What the exercise asks: Copy exactly, beginning with the line holding "Hood House / Mihaly Slocombe" and ending with the final line of the data beneath this task; copy nothing else, and leave out every picture.

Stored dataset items
--- START ---

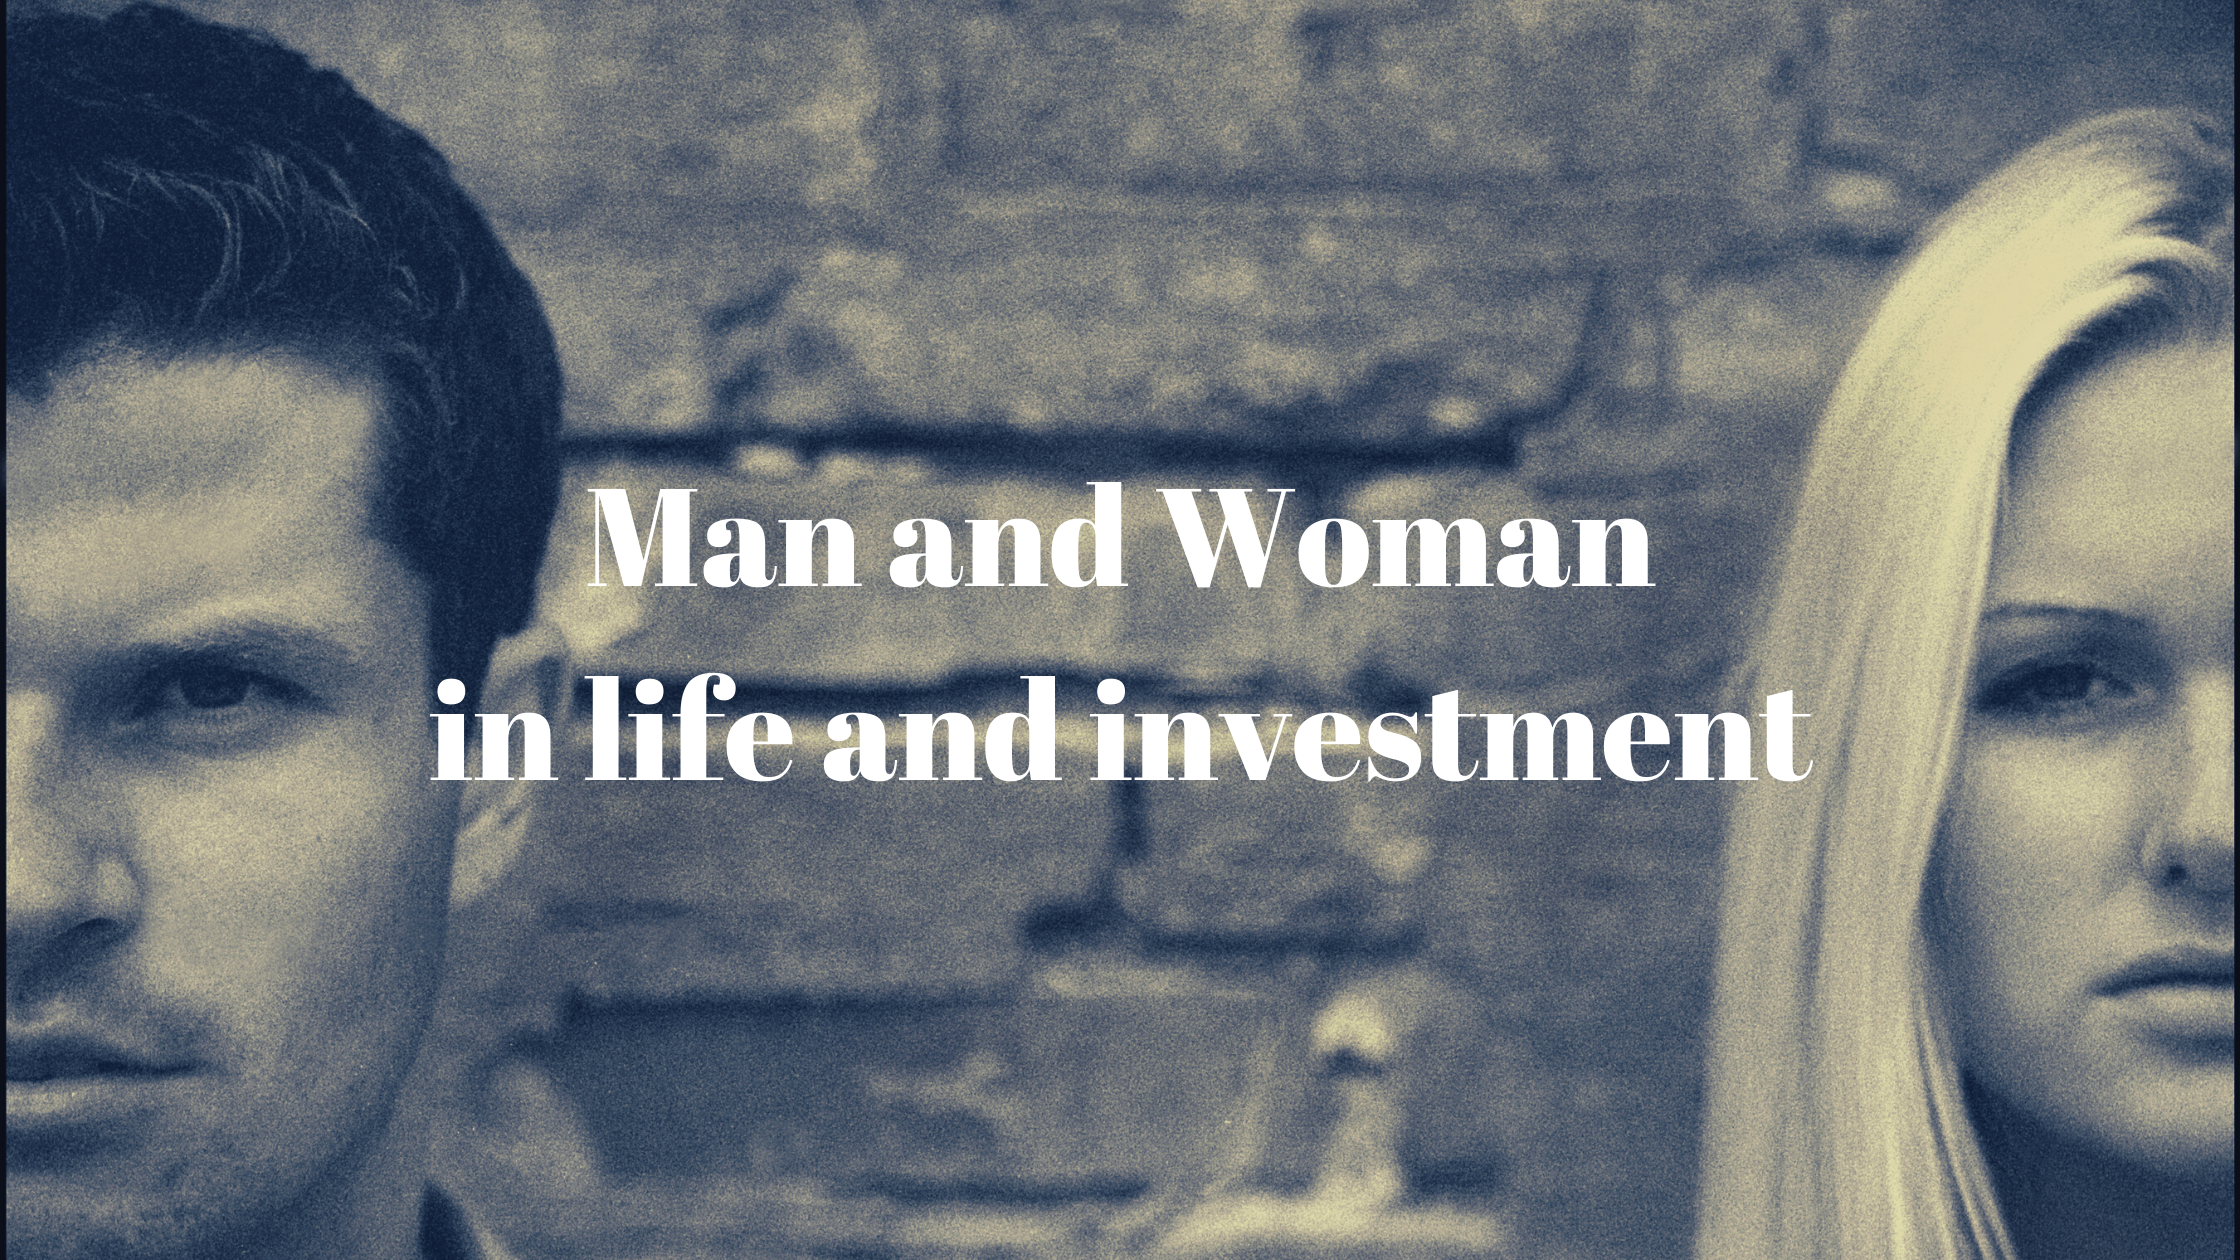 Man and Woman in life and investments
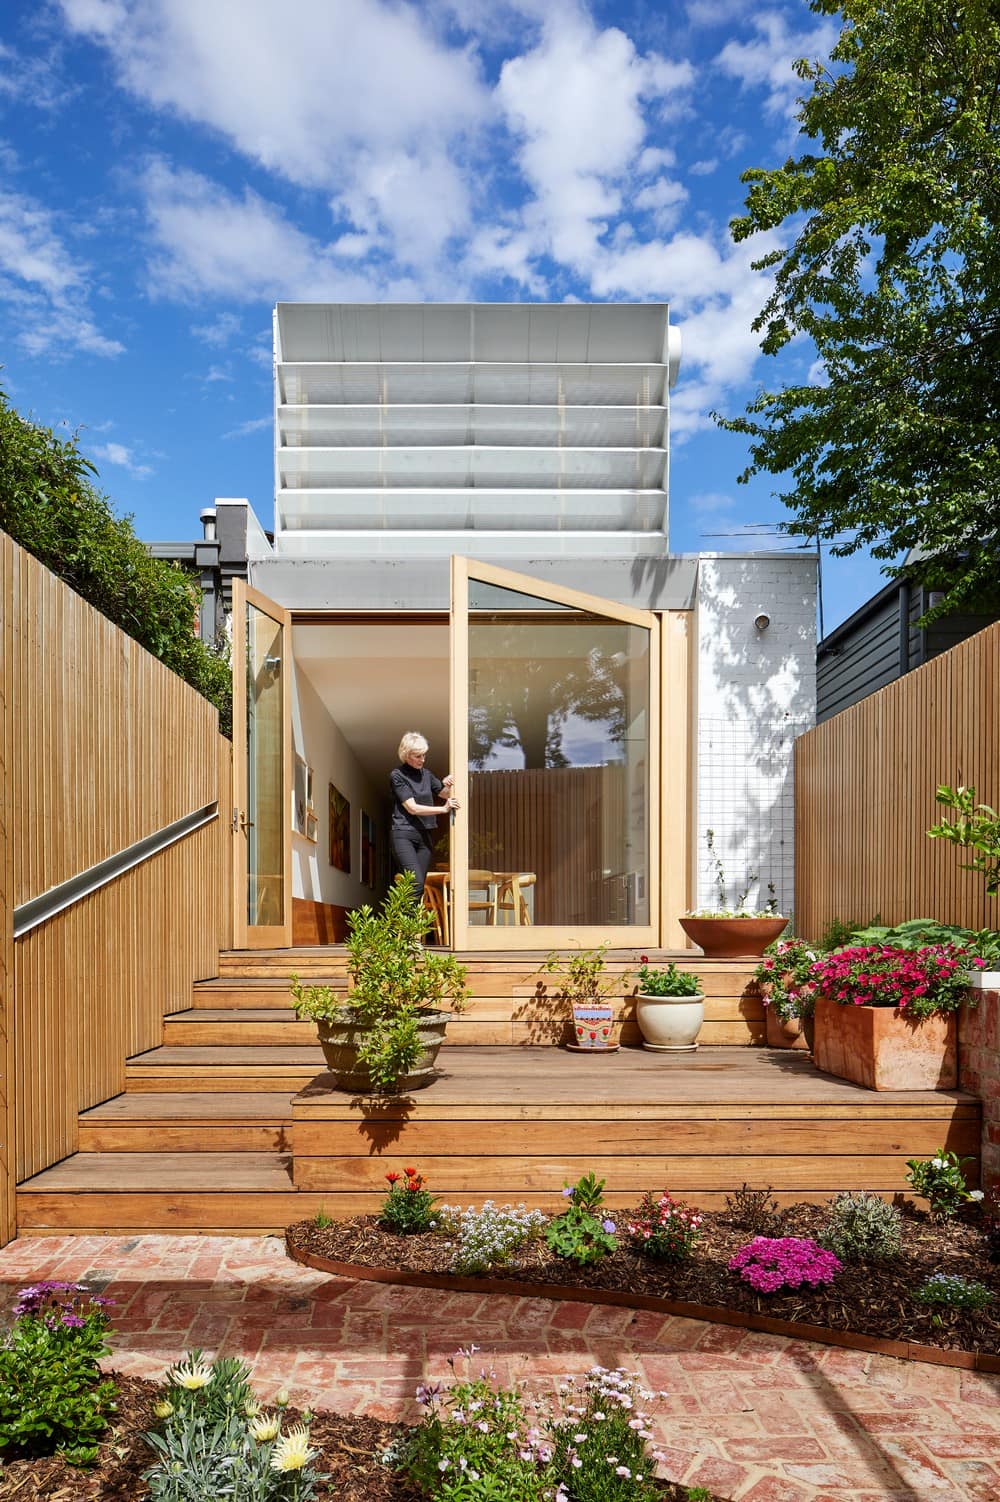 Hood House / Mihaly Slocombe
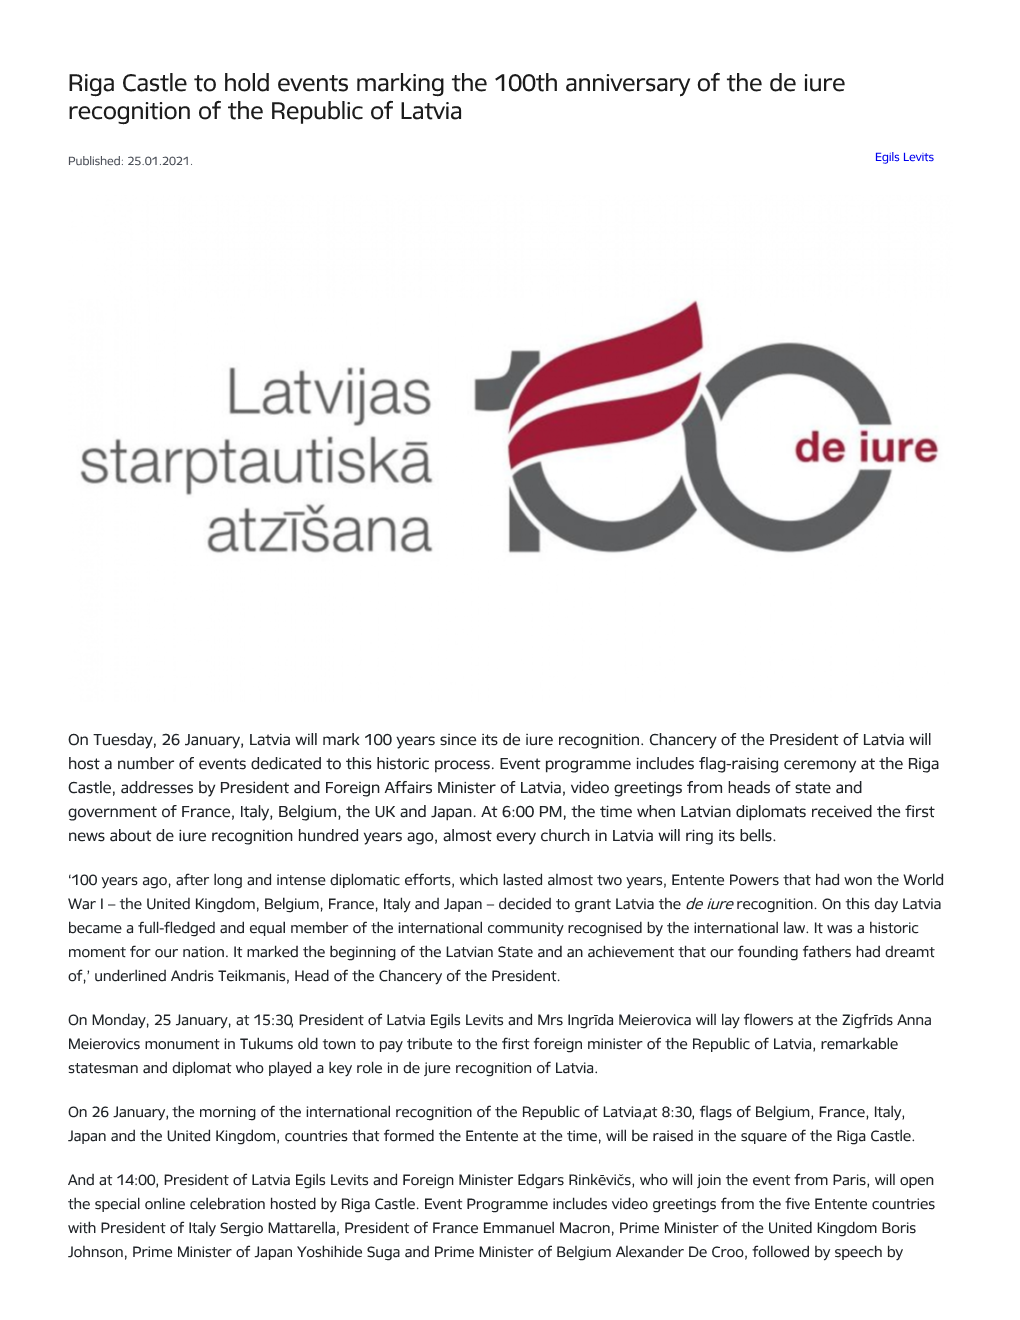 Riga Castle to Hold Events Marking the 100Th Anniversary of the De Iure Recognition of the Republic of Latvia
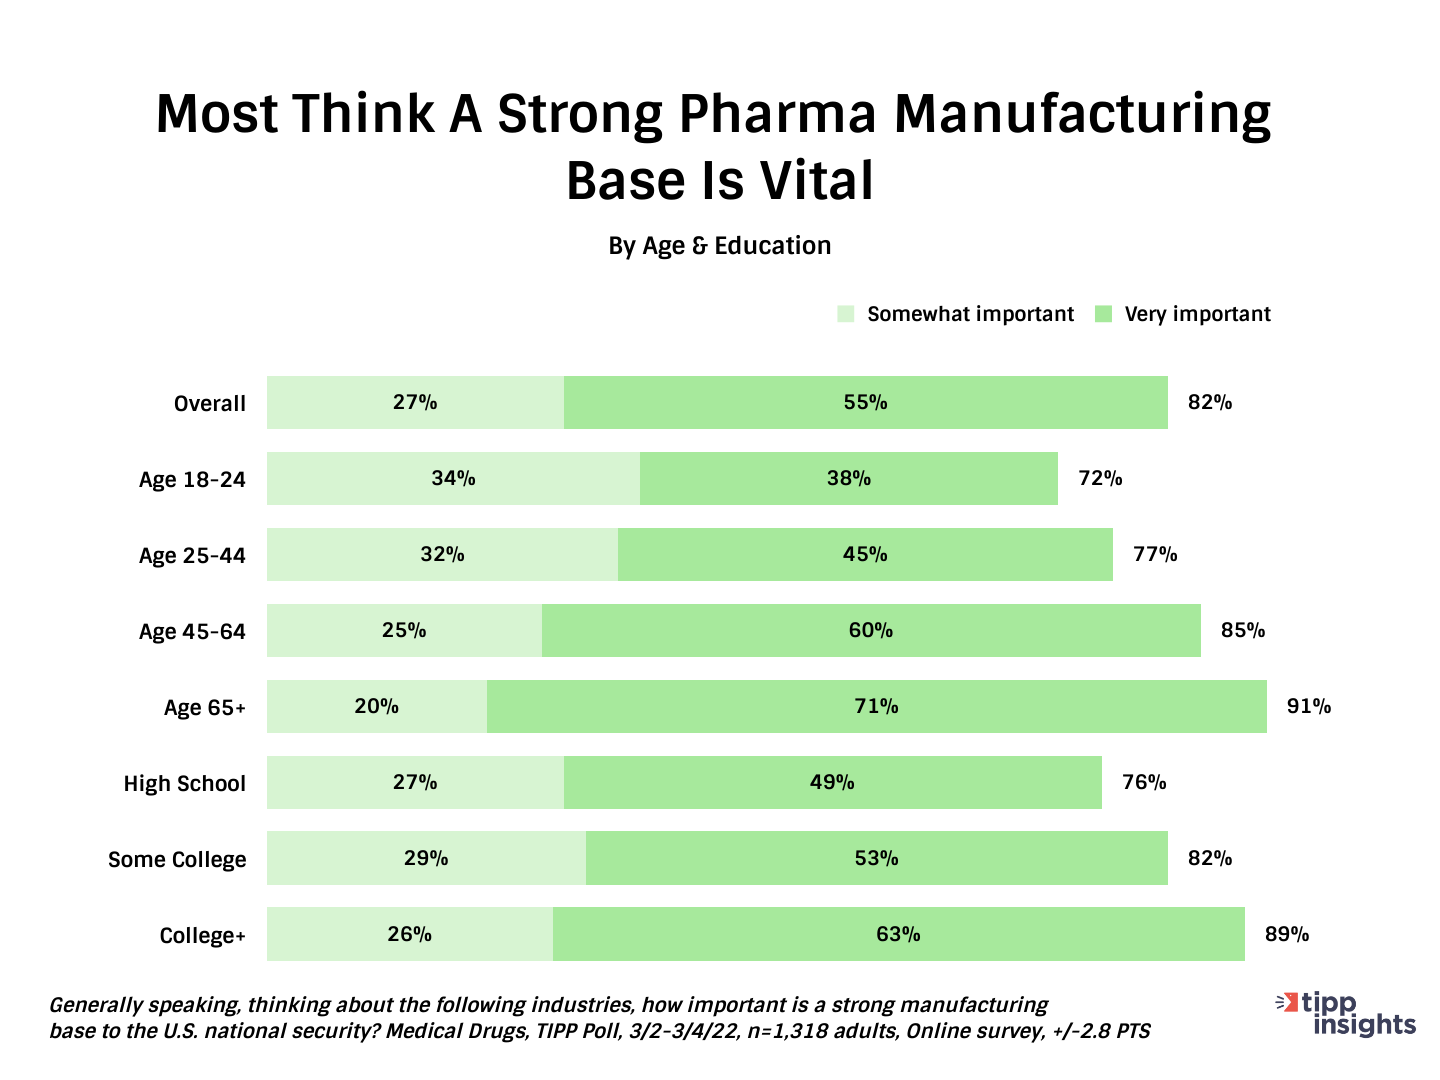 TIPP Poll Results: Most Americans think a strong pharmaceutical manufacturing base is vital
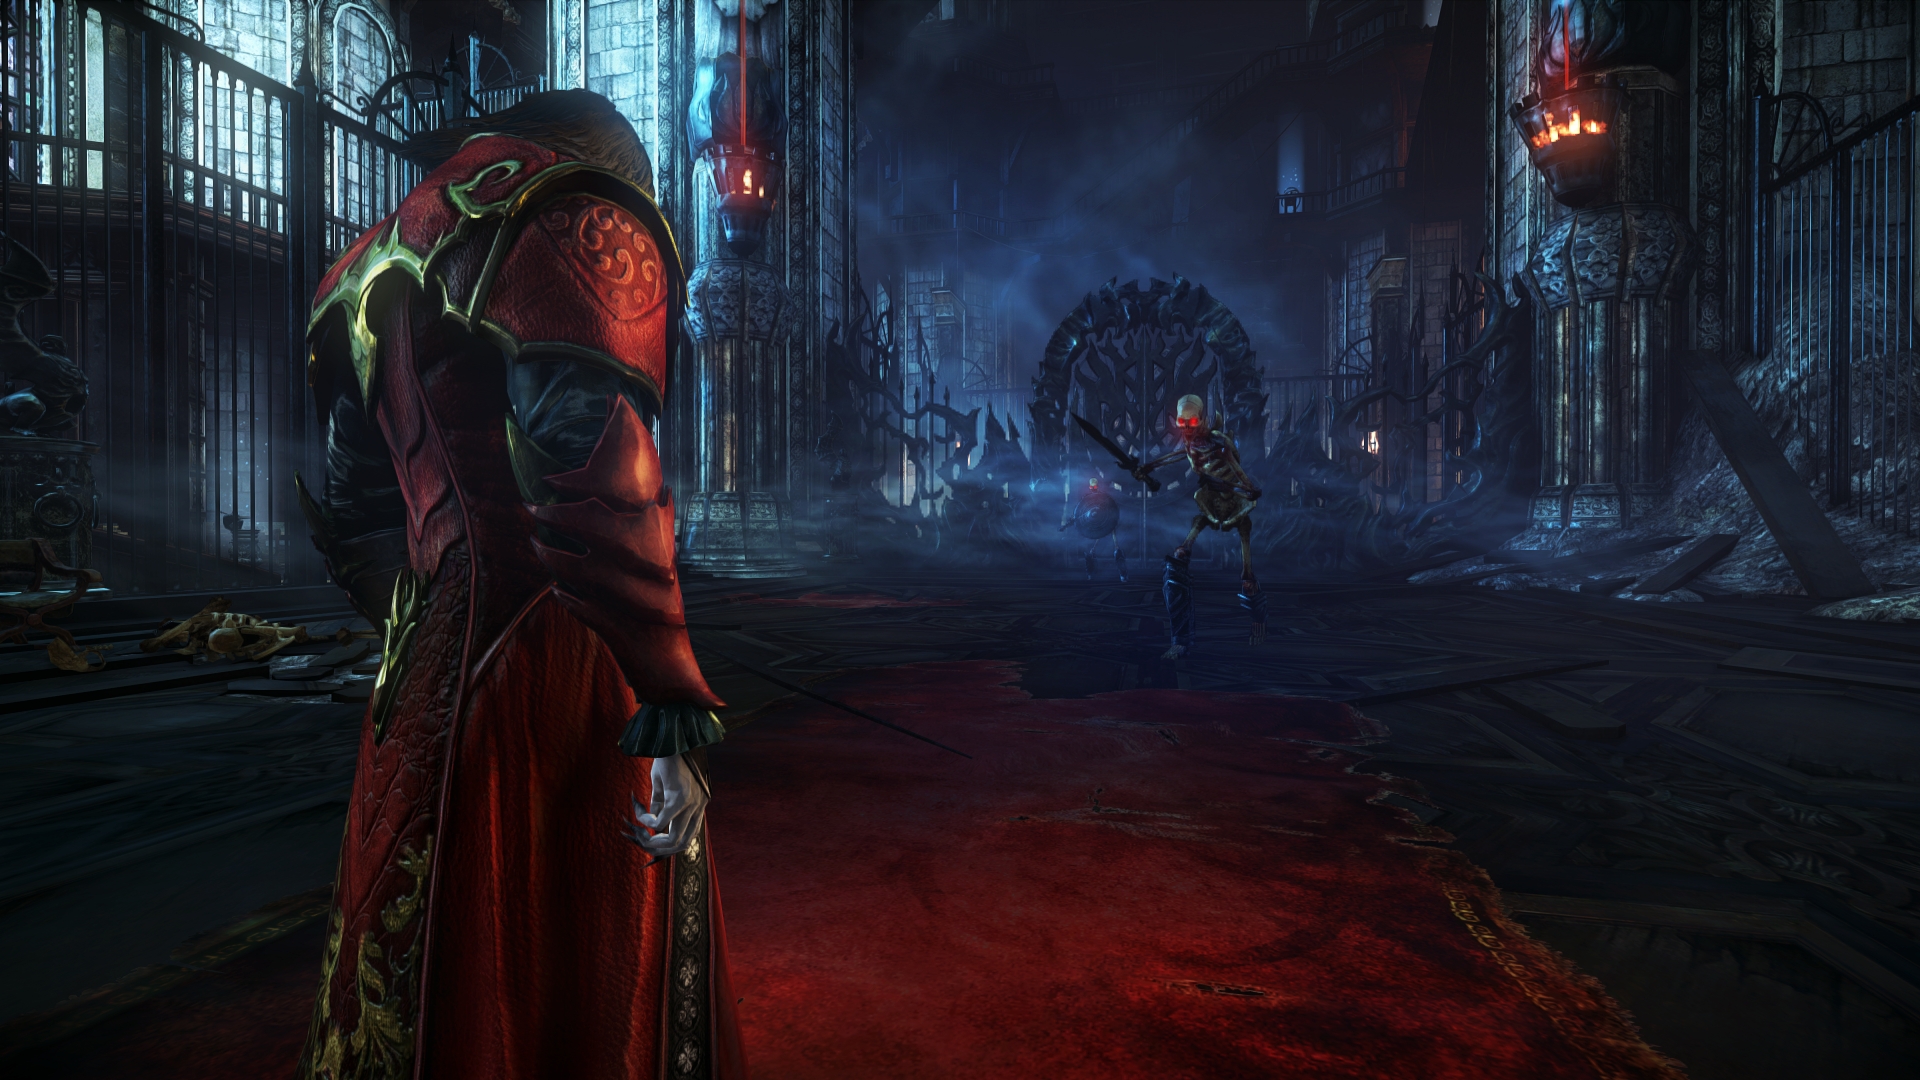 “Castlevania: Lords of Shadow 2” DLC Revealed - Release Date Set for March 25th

--- END ---

The answer:
 Hood House / Mihaly Slocombe
 Riga Castle to Hold Events Marking the 100Th Anniversary of the De Iure Recognition of the Republic of Latvia
 TIPP Poll Results: Most Americans think a strong pharmaceutical manufacturing base is vital
 “Castlevania: Lords of Shadow 2” DLC Revealed - Release Date Set for March 25th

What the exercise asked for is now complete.